São Tomé and Príncipe–Taiwan relations are relations between São Tomé and Príncipe and the Republic of China (ROC). Official bilateral relations began in 1997 and ended in 2016.

History
São Tomé and Príncipe declared independence from Portugal on 12 July 1975 and recognized the People's Republic of China (PRC) on the same day.

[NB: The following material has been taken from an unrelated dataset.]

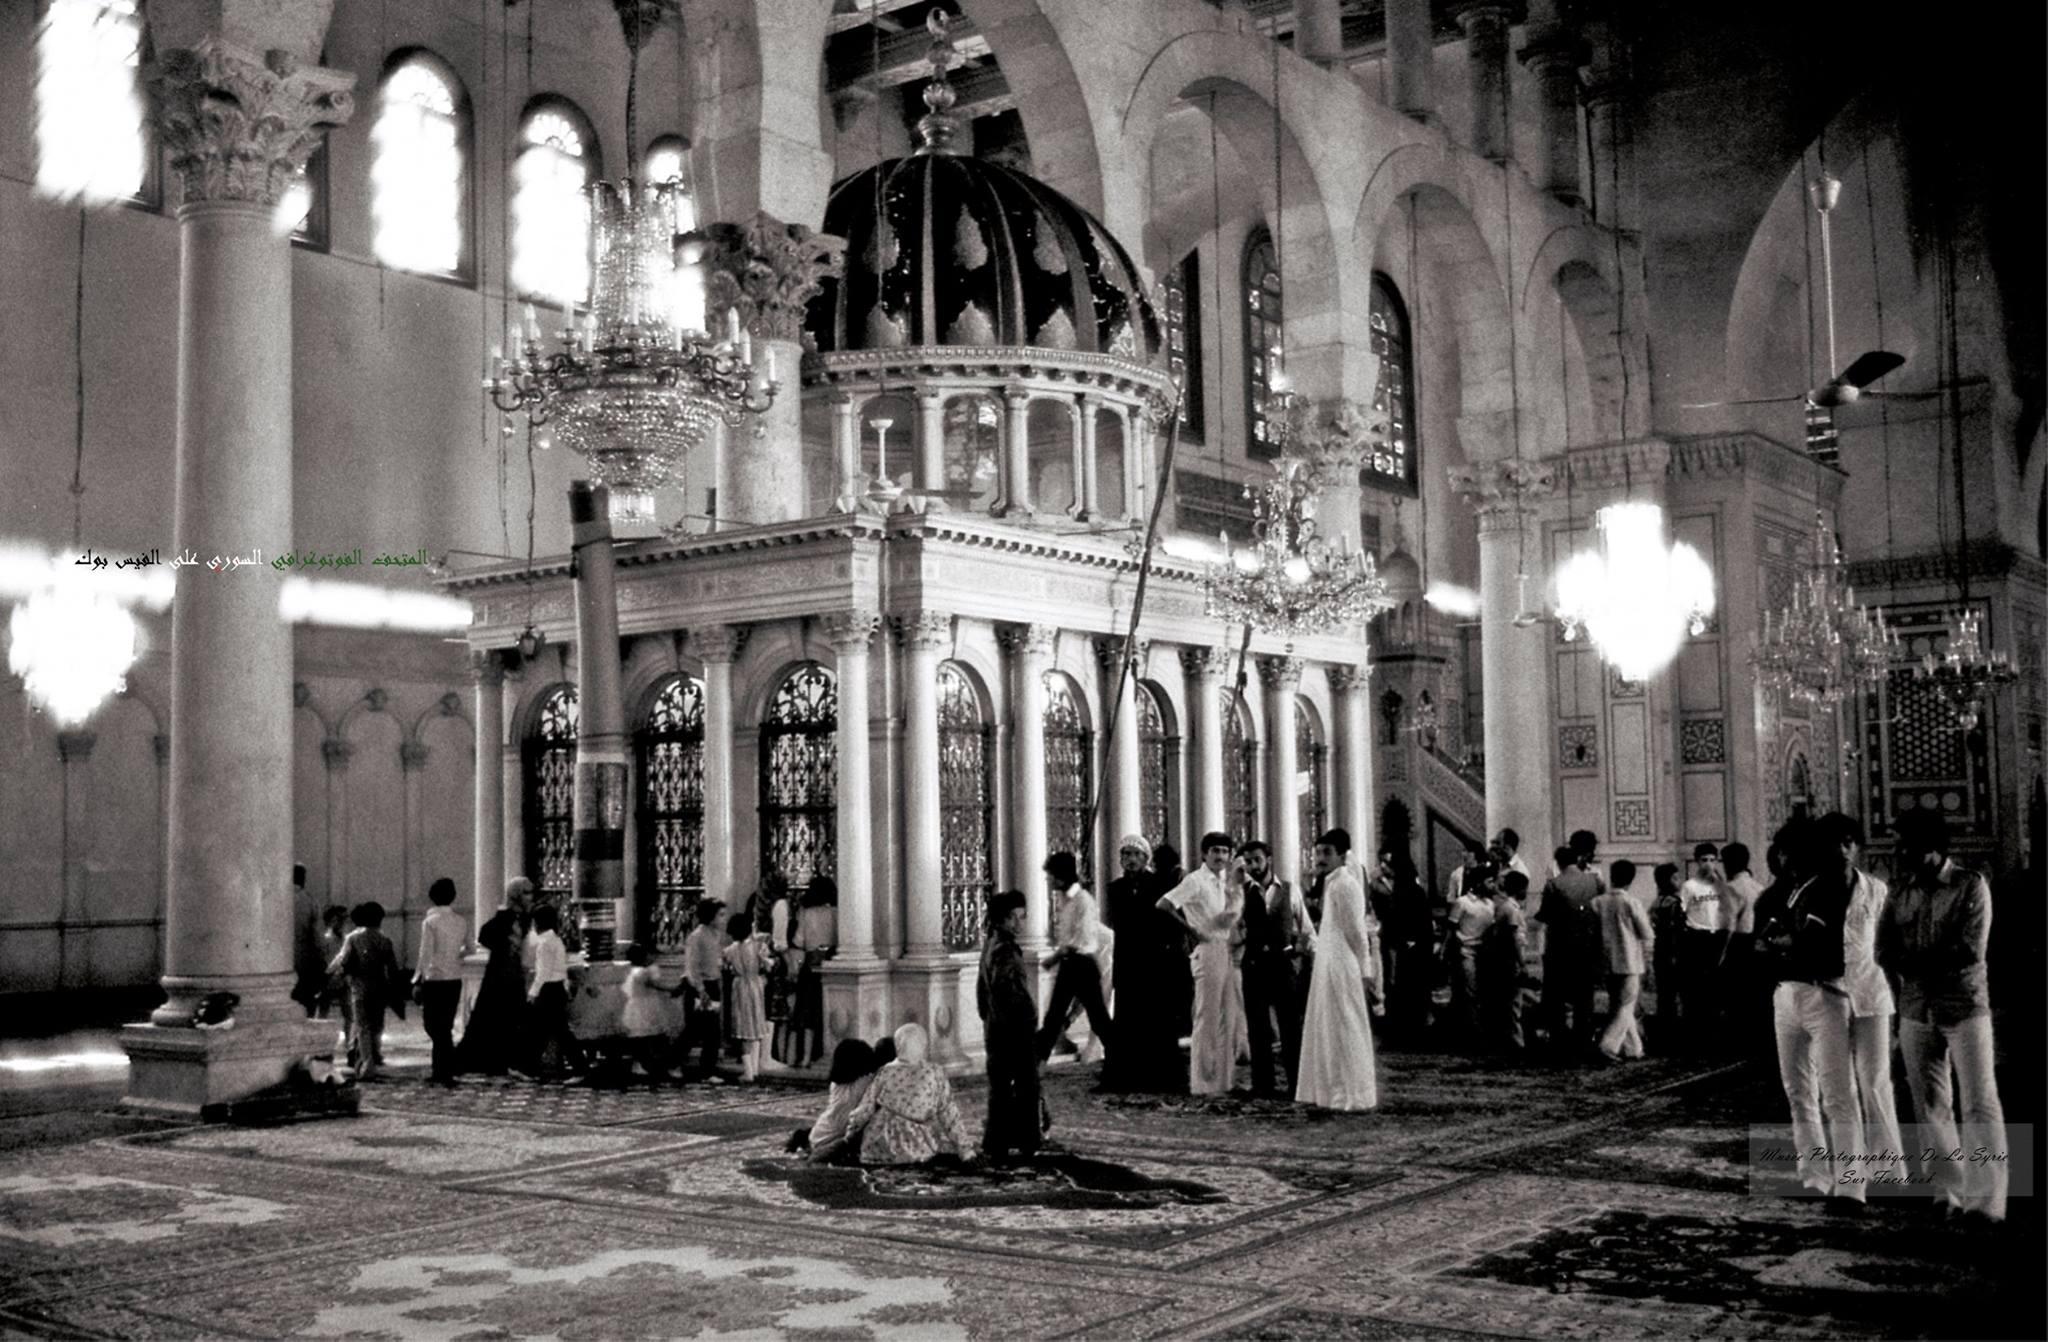 دمشق - المسجد الأموي 1980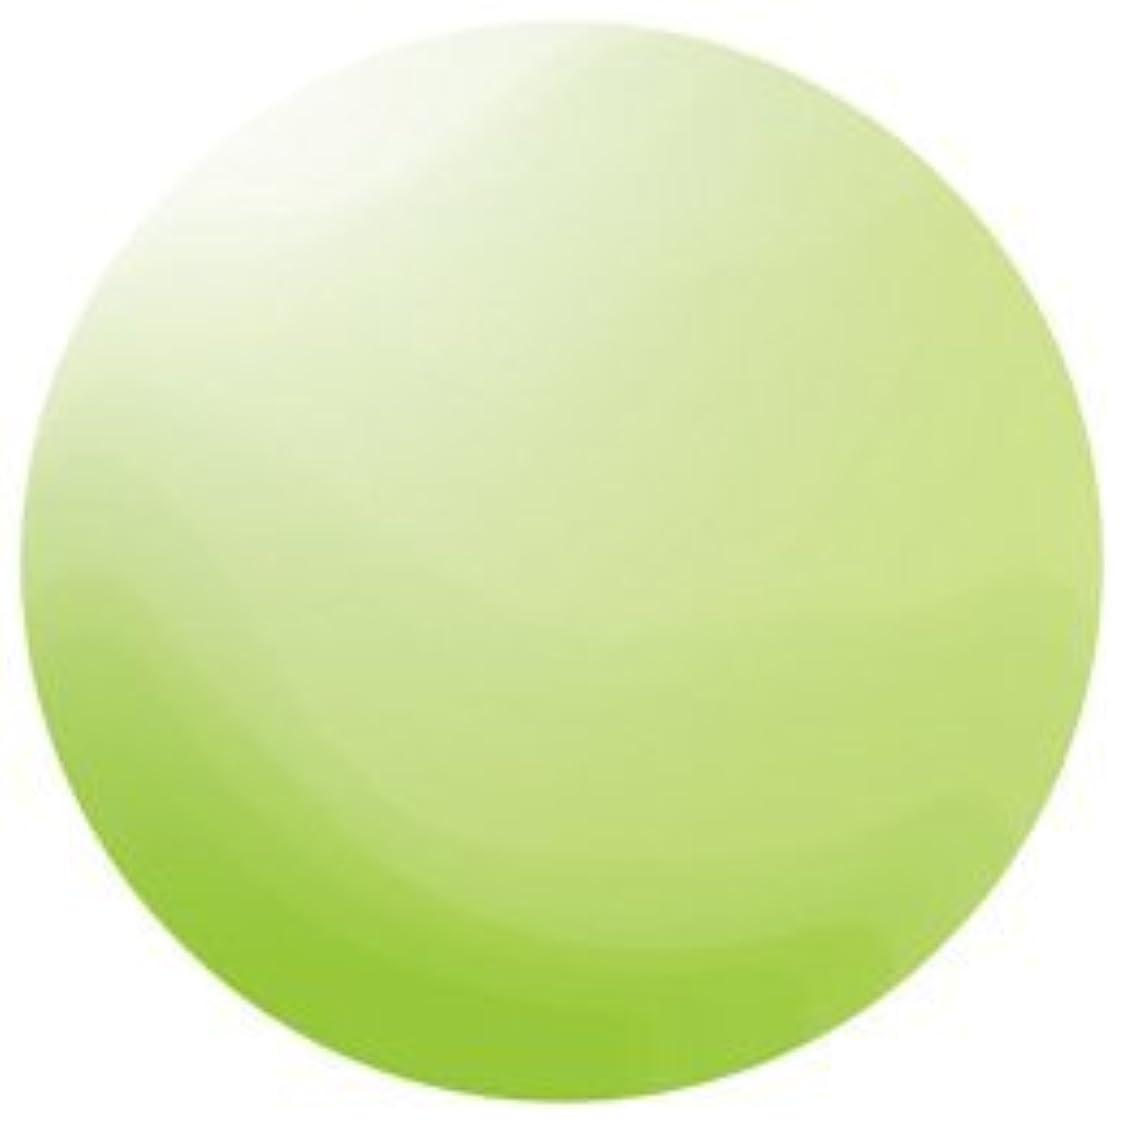 不規則性団結収束するKOKOIST カラージェル E-136 4g ペリドットグリーンビーチグラス

Bilateral relations between São Tomé and Príncipe and the Republic of China were first established on 6 May 1997. In accordance with the One-China policy, the PRC suspended relations with São Tomé and Príncipe on 11 July 1997. In February 1998, ROC Foreign Minister Jason Hu made an official visit to São Tomé and Príncipe. São Tomé and Príncipe President Miguel Trovoada visited Taiwan in June of that year. São Tomé granted Taiwan landing visa privileges in 2012. In 2013, the PRC established a trade office in São Tomé, and the next year President Manuel Pinto da Costa visited China in a private capacity. Bilateral relations between São Tomé and Príncipe and the Republic of China were terminated on 21 December 2016 by Taiwan due to exorbitant amounts of financial aid being requested.

Aid
ROC aid to São Tomé and Príncipe focused on agriculture, energy, and technology. Another area of cooperation was public health. Many Taiwanese medical professionals have lent their expertise in an effort to stop the spread of malaria in São Tomé. Taipei Medical University began offering medical aid to São Tomé in 2009, and ended the program upon the cessation of official ties in 2016. Prior to the end of bilateral relations São Tomé was a member of the Taiwan Scholarship program.